But I found out the performance of int8 is much slower than fp16.
with trtexec, fp16 reaches 346.861 qps, and int8 reaches 217.914 qps.
Here is the model with quanziation/dequantization node epoch_15.onnx (1.7 MB)
, and here are the model without quanziation/dequantization node epoch_250.onnx (1.6 MB)
Hi , UFF and Caffe Parser have been deprecated from TensorRT 7 onwards, hence request you to try ONNX parser.
Please check the below link for the same.
After our team working on this identified that QAT int inference is slower than fp16 inference is because the model is running in mixed precision. In order to run the whole network with int8 precision, additional Q and DQ layers are required to be inserted between BN and leakyRelu layer.
Just wanted to share some of our observations. Hope that helps fellow developers and saves some headaches.
First of all it is recommended to read and re-read Explicit-Quantization part of TensorRT docs, especially Q/DQ Layer-Placement Recommendations section. Most of the behaviour we were trying to get our heads around is actually explained there.
For example, the fact that we might need to place Q/DQ nodes before element-wise addition to fuse and quantise it in residual layers (like in Resnets or CSPDarknets).
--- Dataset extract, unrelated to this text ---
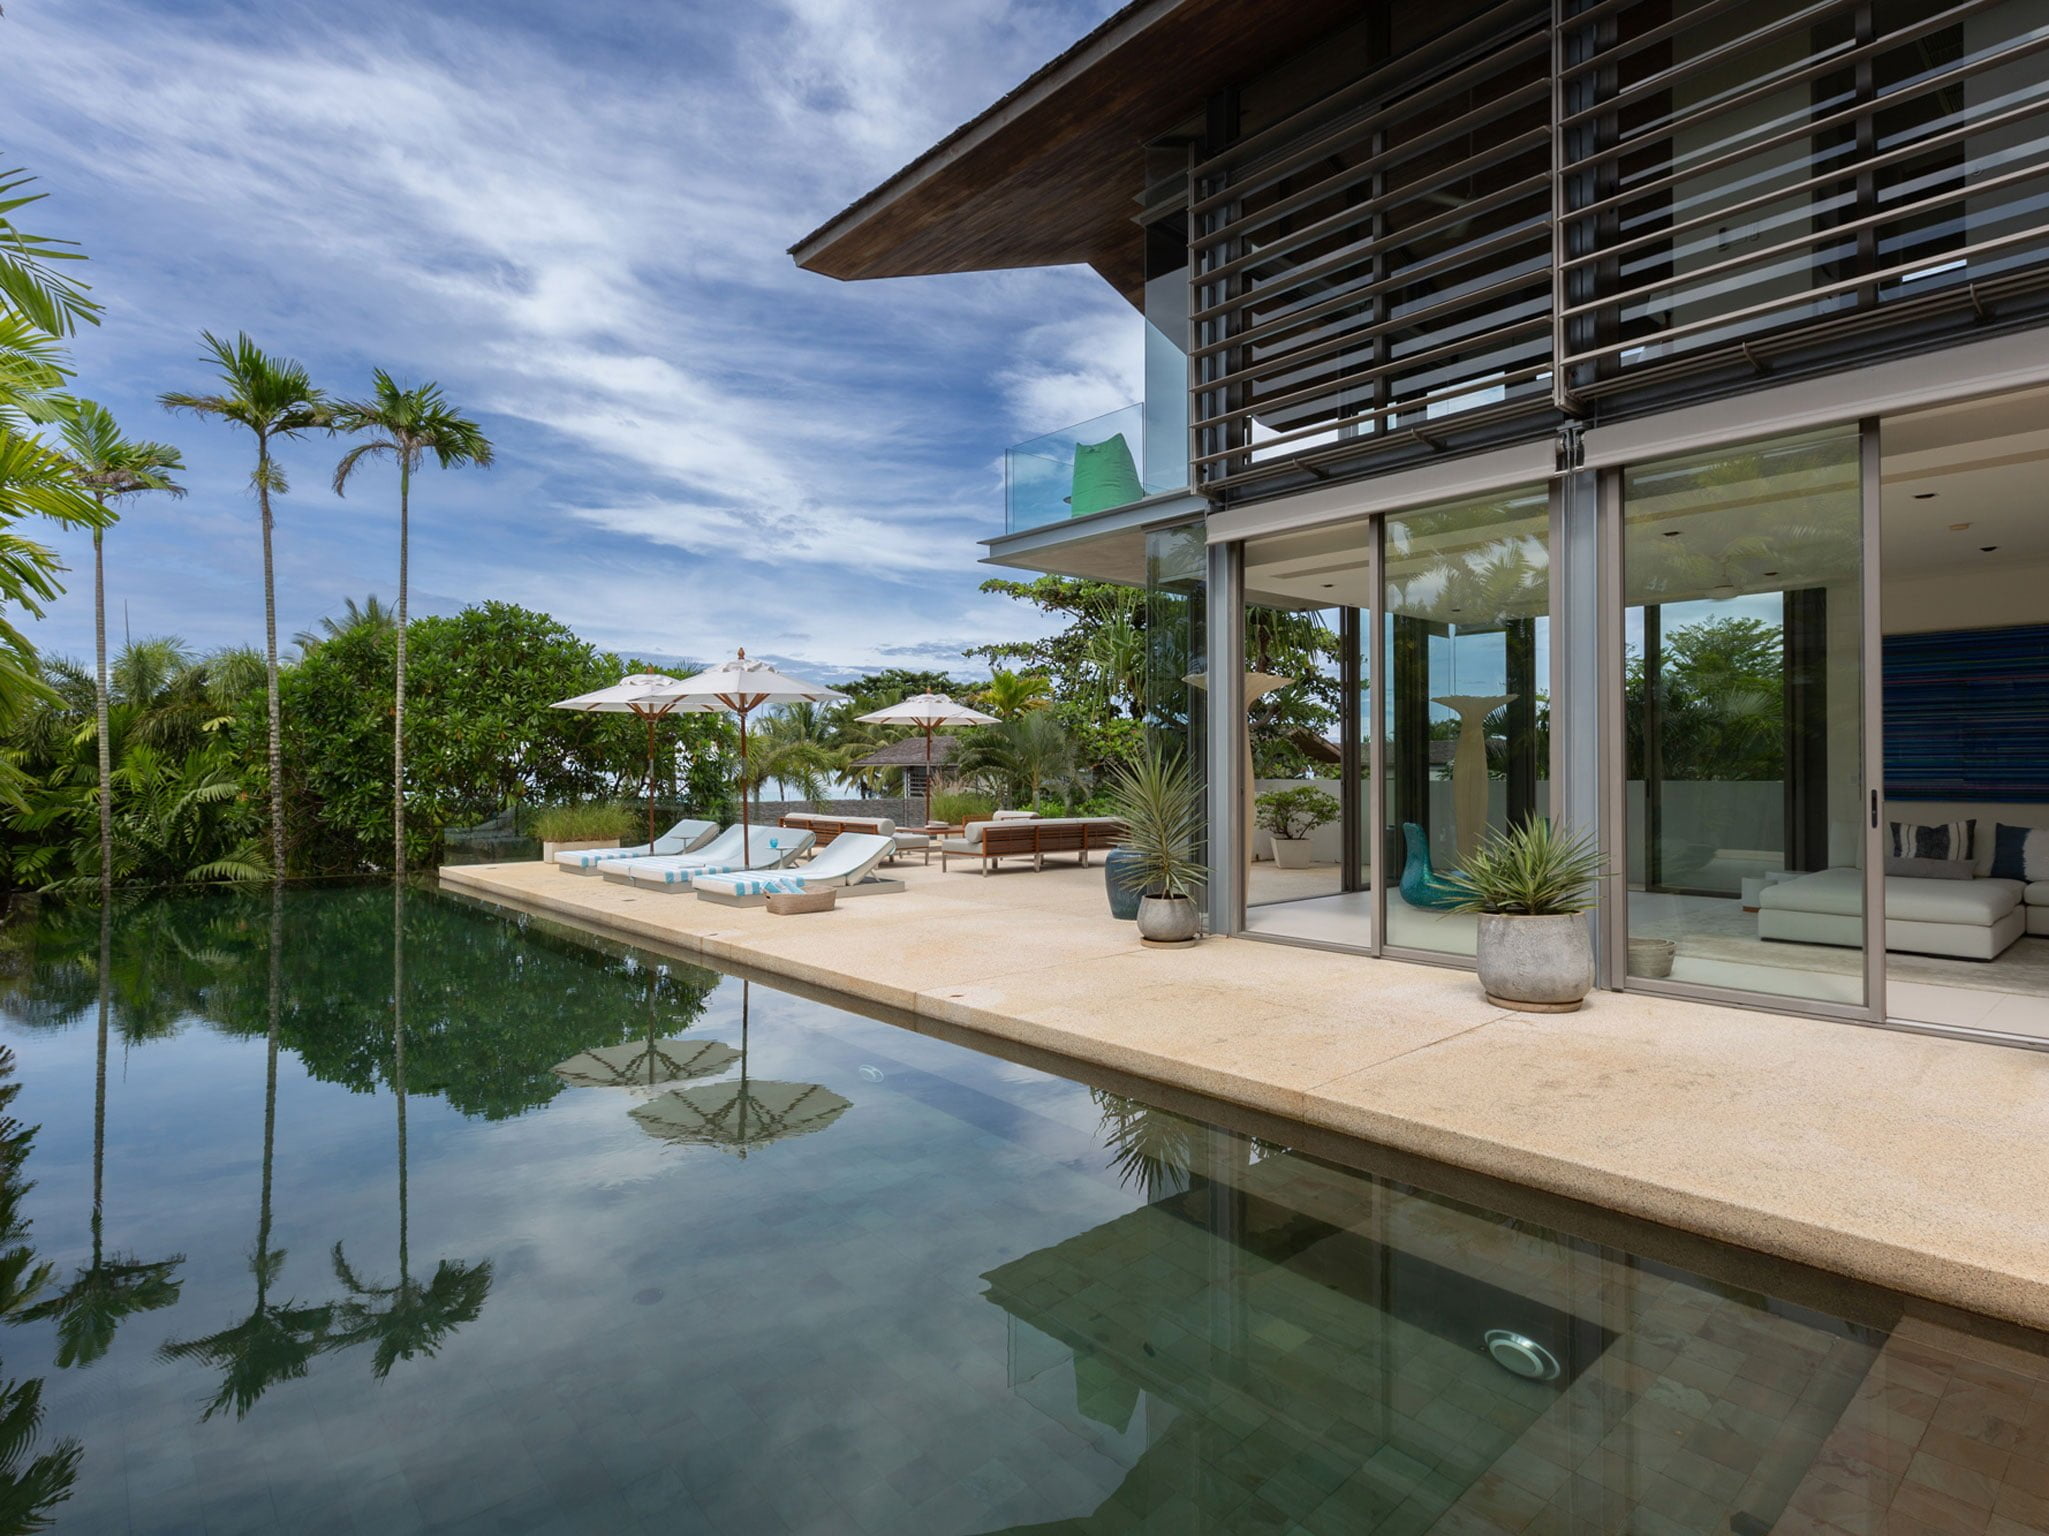 002 villa aqua pool deck

So build your engine with --verbose flag, check logs - look for Engine Layer Information part which we found the most useful, and try experimenting with additional Q/DQ nodes.
Also in addition to @spolisetty’s observations with LeakyReLU, we also had to place additional Q/DQ nodes between BN and SiLU layers to force them to run in int8. As we understand and as mentioned in the docs they are not fused and quantised by default because “It’s sometimes useful to preserve the higher-precision dequantized output. For example, we can want to follow the linear operation by an activation function (SiLU, in the following diagram) that requires higher precision to improve network accuracy.” But in our case we did not have any drops in performance with QAT training.
Have a look at Quantizing Resnet50 — pytorch-quantization master documentation. There is an example how a residual quantizer is inserted in BasicBlock and Bottleneck layers. You need to 1) initialize additional quantizer in those layers with BN and LeakyReLU and 2) then change forward call so the input goes from BN to that quantizer firtst and then to LeakyReLU.